### Your goal
Copy exactly, and only, the lines that start at the line containing "Impressive design and" and end at the last line of the material below.
§ §
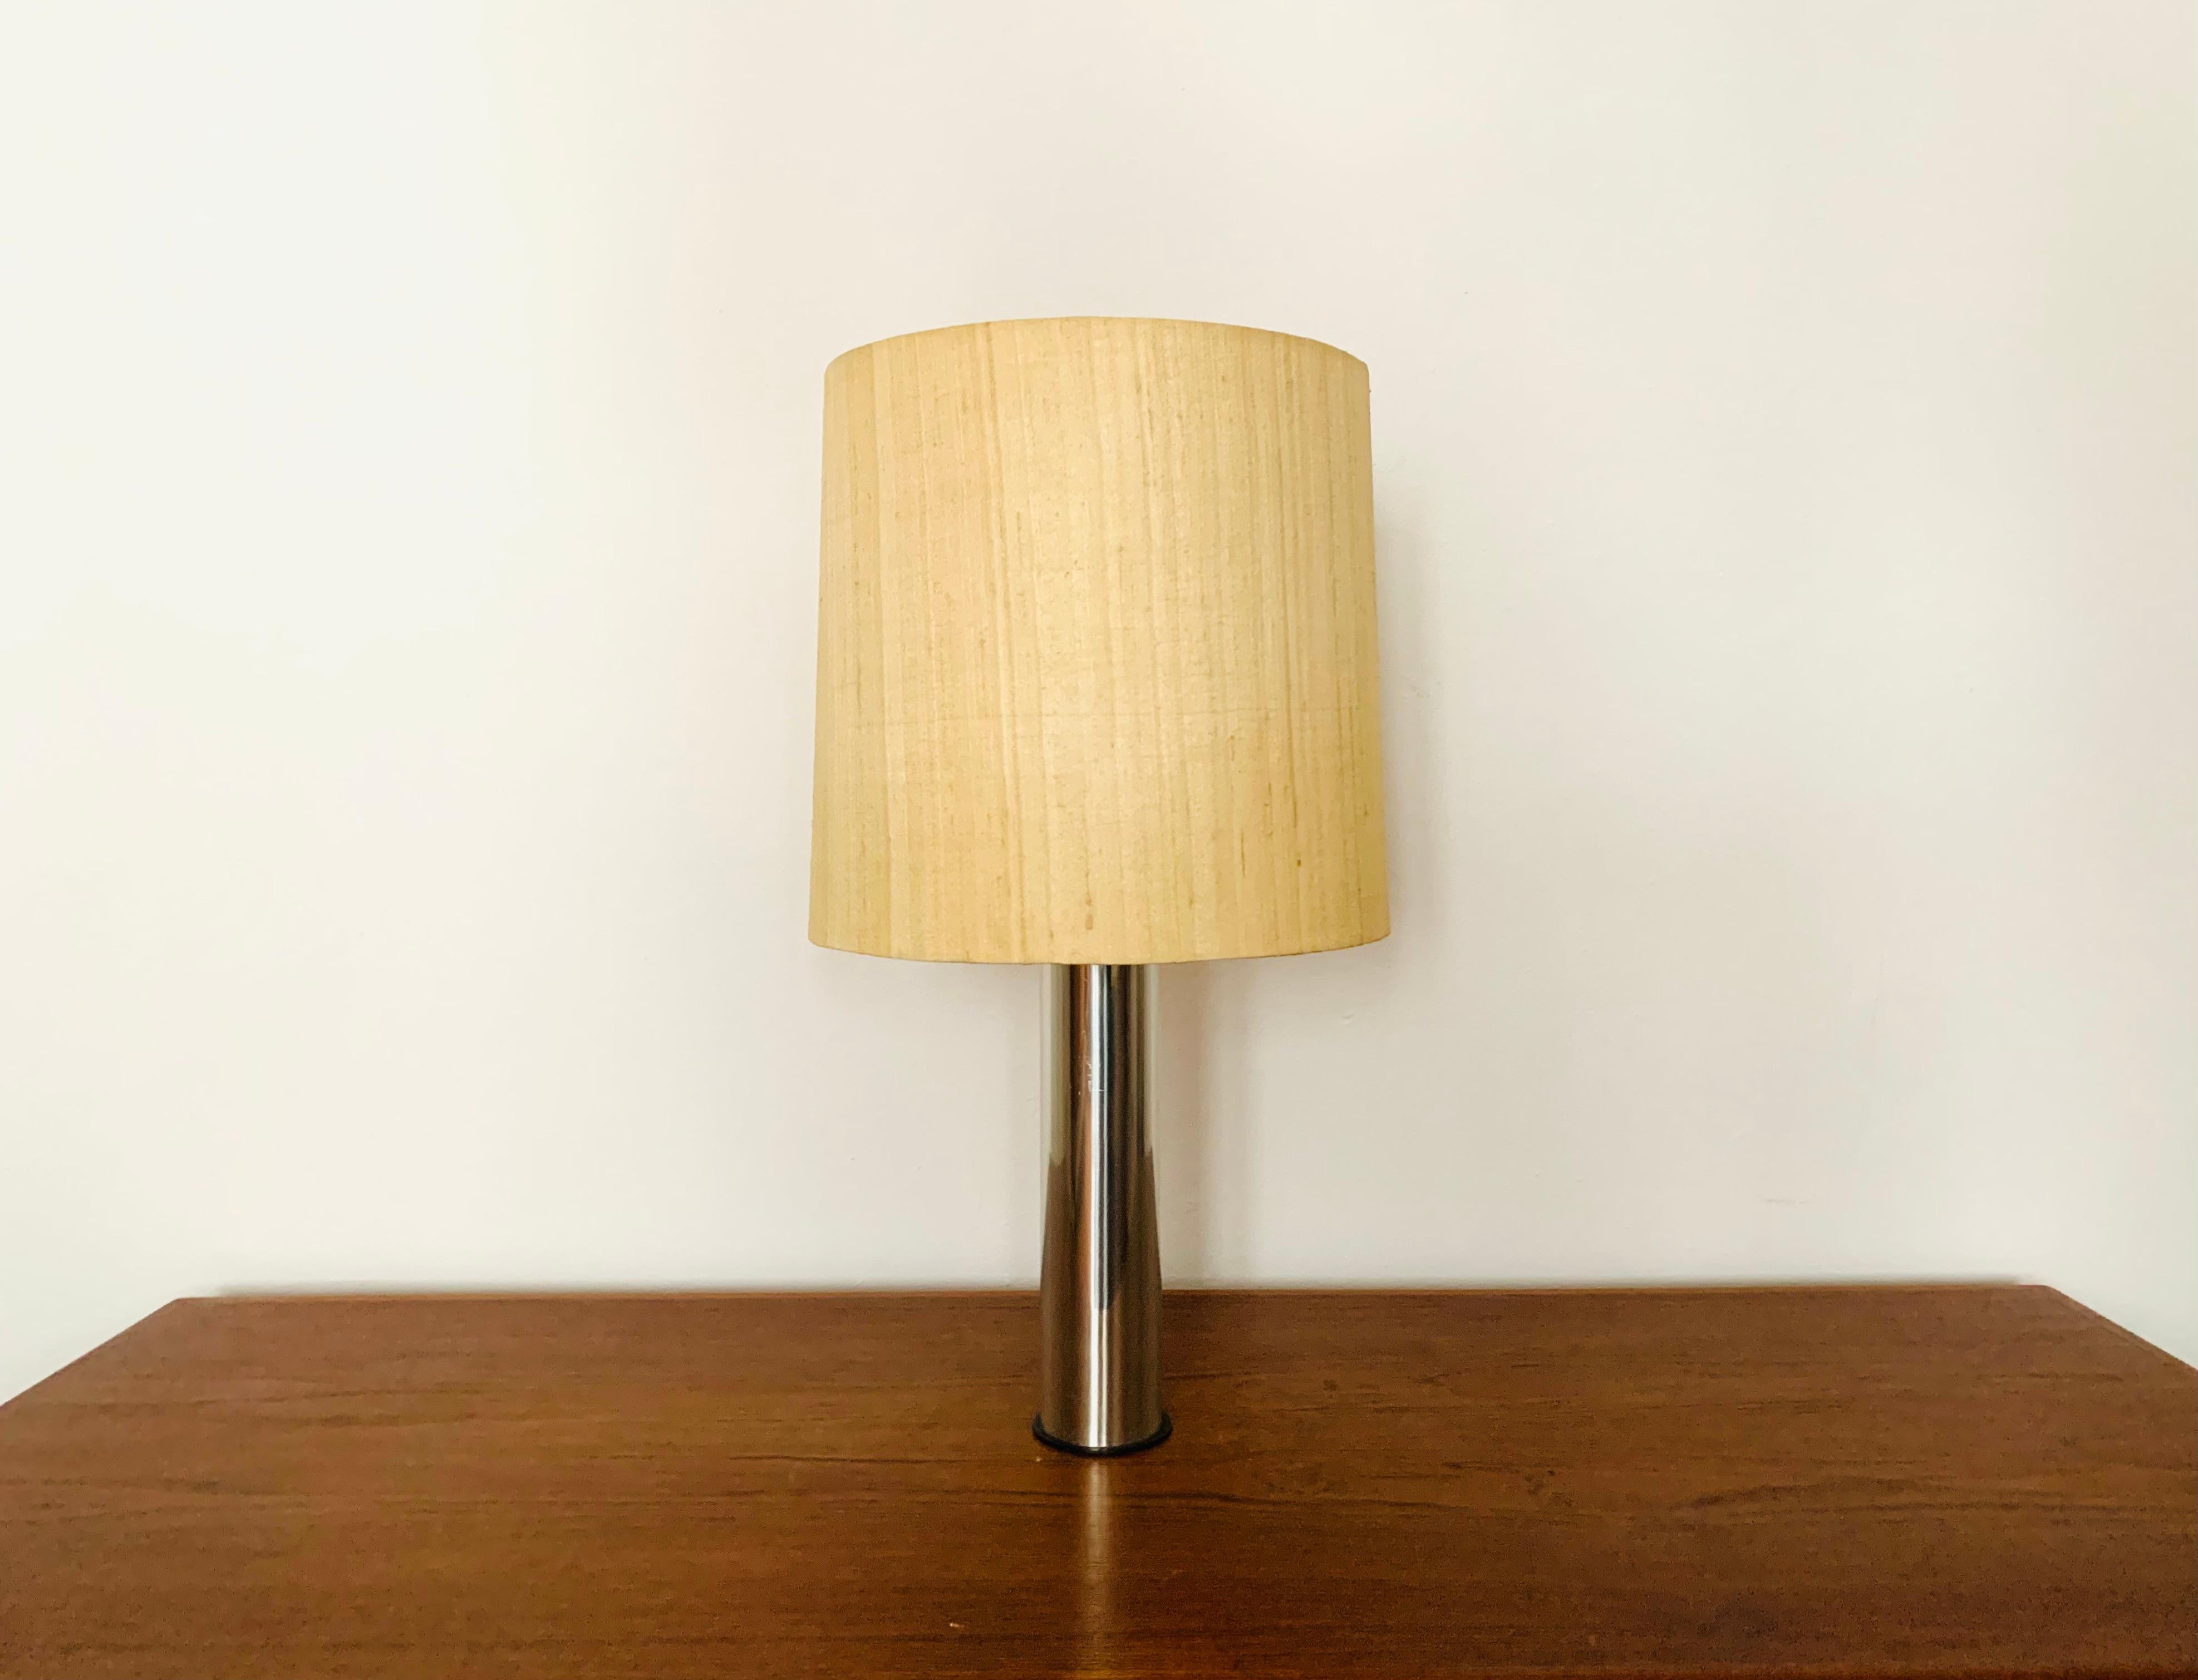 Large and beautiful table lamp from the 1960s.
Impressive design and very high-quality workmanship.
The lighting effect of the lamp is extremely beautiful.

Condition:

Very good vintage condition with slight signs of wear consistent with
§ §
### Expected answer
Impressive design and very high-quality workmanship.
The lighting effect of the lamp is extremely beautiful.

Condition:

Very good vintage condition with slight signs of wear consistent with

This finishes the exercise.